6 stars 7 forks source link

Handle edge case of eigsh not converging #40

Closed HannesHolste closed 6 years ago

HannesHolste commented 6 years ago

Problem: running pcoa using eigsh (reducing to 3 dimensions) on a subsampled matrix of a randomly generated distance matrix may or may not throw an exception because not all eigenvectors converge. So far this issue only occurred on one dataset – the subsampled, randomly generated one – but the new benchmarks are still running on the cluster so there may be more. (the problem matrix is one that was generated through skbio randdm function, original dimension 4096, subsampled to 3072 dimensions)

Since eigsh is an unlikely candidate for the final pcoa method we choose, for now, I decided to simply catch the exception and move on with benchmarks, but the results may not be 'correct', i.e. eigenvectors may be missing.

What are your thoughts @wasade @antgonza ?

  File "/home/-/mds-approximations/mdsa/pcoa.py", line 87, in pcoa
    eigenvectors, eigenvalues = algorithm.run(centered_dm, num_dimensions_out)
  File "/home/-/mds-approximations/mdsa/algorithms/eigsh.py", line 18, in run
    k=num_dimensions_out)
  File "/home/-/miniconda2/envs/mdsapprox/lib/python2.7/site-packages/scipy/sparse/linalg/eigen/arpack/arpack.py", line 1589, in eigsh
    params.iterate()
  File "/home/-/miniconda2/envs/mdsapprox/lib/python2.7/site-packages/scipy/sparse/linalg/eigen/arpack/arpack.py", line 561, in iterate
    self._raise_no_convergence()
  File "/home/-/miniconda2/envs/mdsapprox/lib/python2.7/site-packages/scipy/sparse/linalg/eigen/arpack/arpack.py", line 367, in _raise_no_convergence
    raise ArpackNoConvergence(msg % (num_iter, k_ok, self.k), ev, vec)

scipy.sparse.linalg.eigen.arpack.arpack.ArpackNoConvergence: ARPACK error -1: No convergence (30721 iterations, 2/3 eigenvectors converged)

Some related discussions:

coveralls commented 6 years ago

Coverage Status

Coverage decreased (-0.2%) to 86.745% when pulling f9fdf330ee7f66a96c83cc54b323578b14c64d24 on eigsh-fix into 6a38b9d21bc97320c3d7ad4987951299ea306eb9 on master.

HannesHolste commented 6 years ago

@antgonza: that was very insightful, thank you.
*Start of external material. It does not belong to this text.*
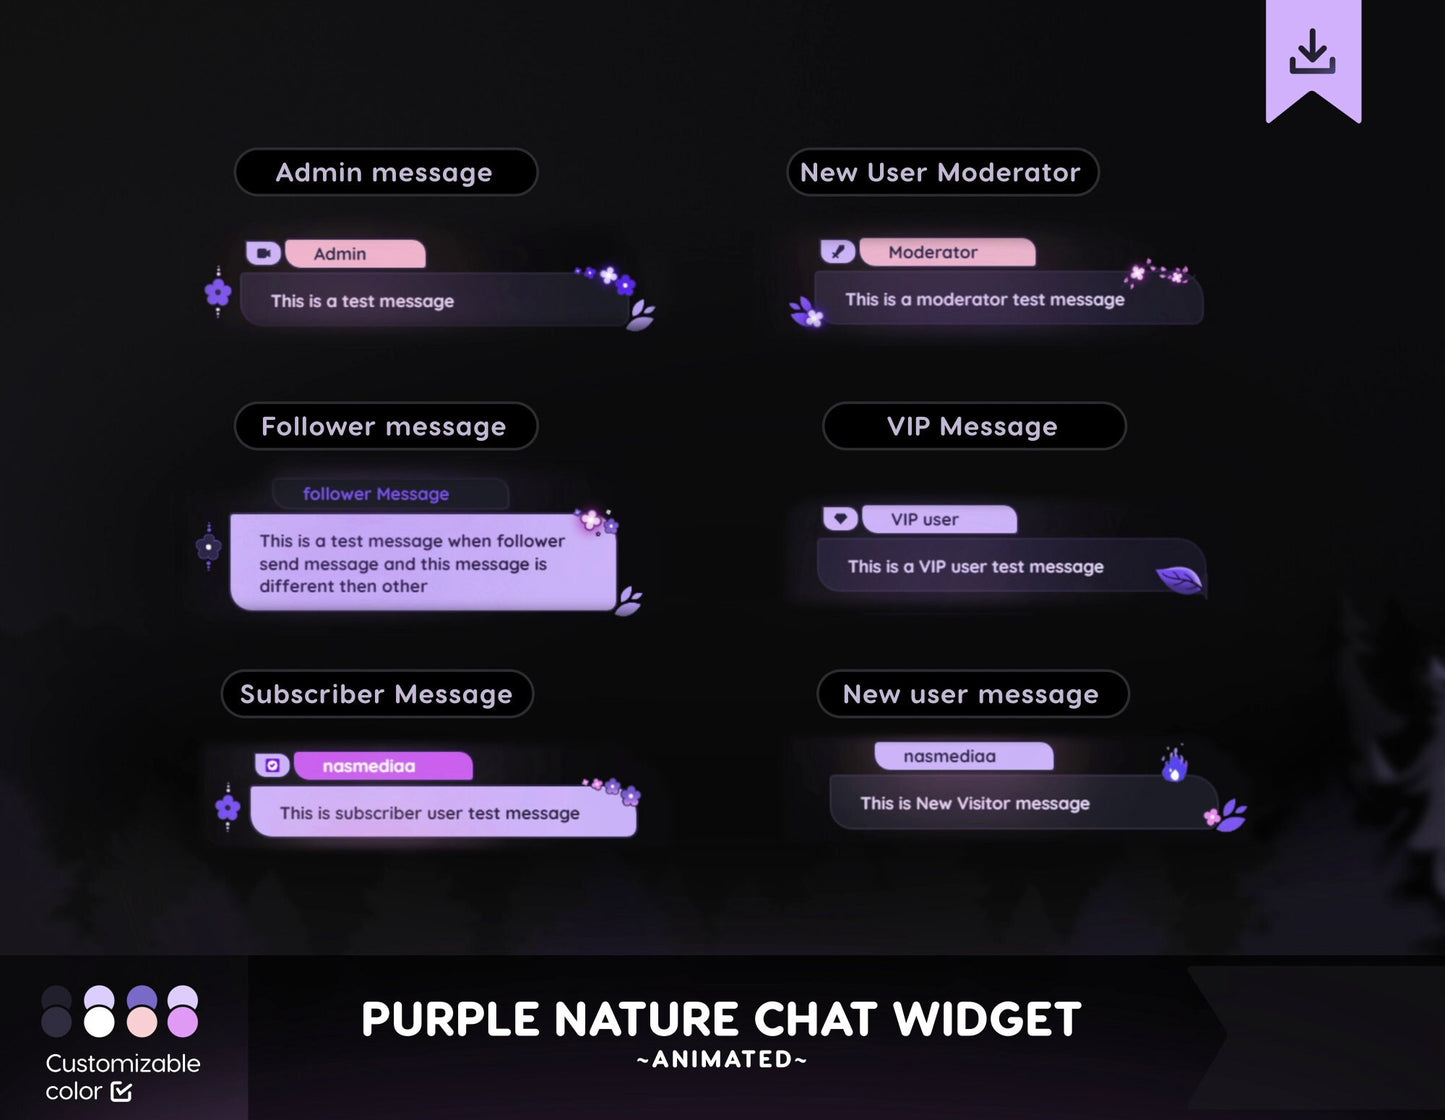 Autumn Twitch chat widget (with custom colour) + goal widget

I configured eigsh to use shift-inter mode and re-ran the failed PCoA benchmarks successfully, with no convergence error.

But just in case, I added some extra code to deal with convergence errors in this PR: it will impute missing eigenvals and vecs as NaN. Unit test added too.

Please review and merge if OK.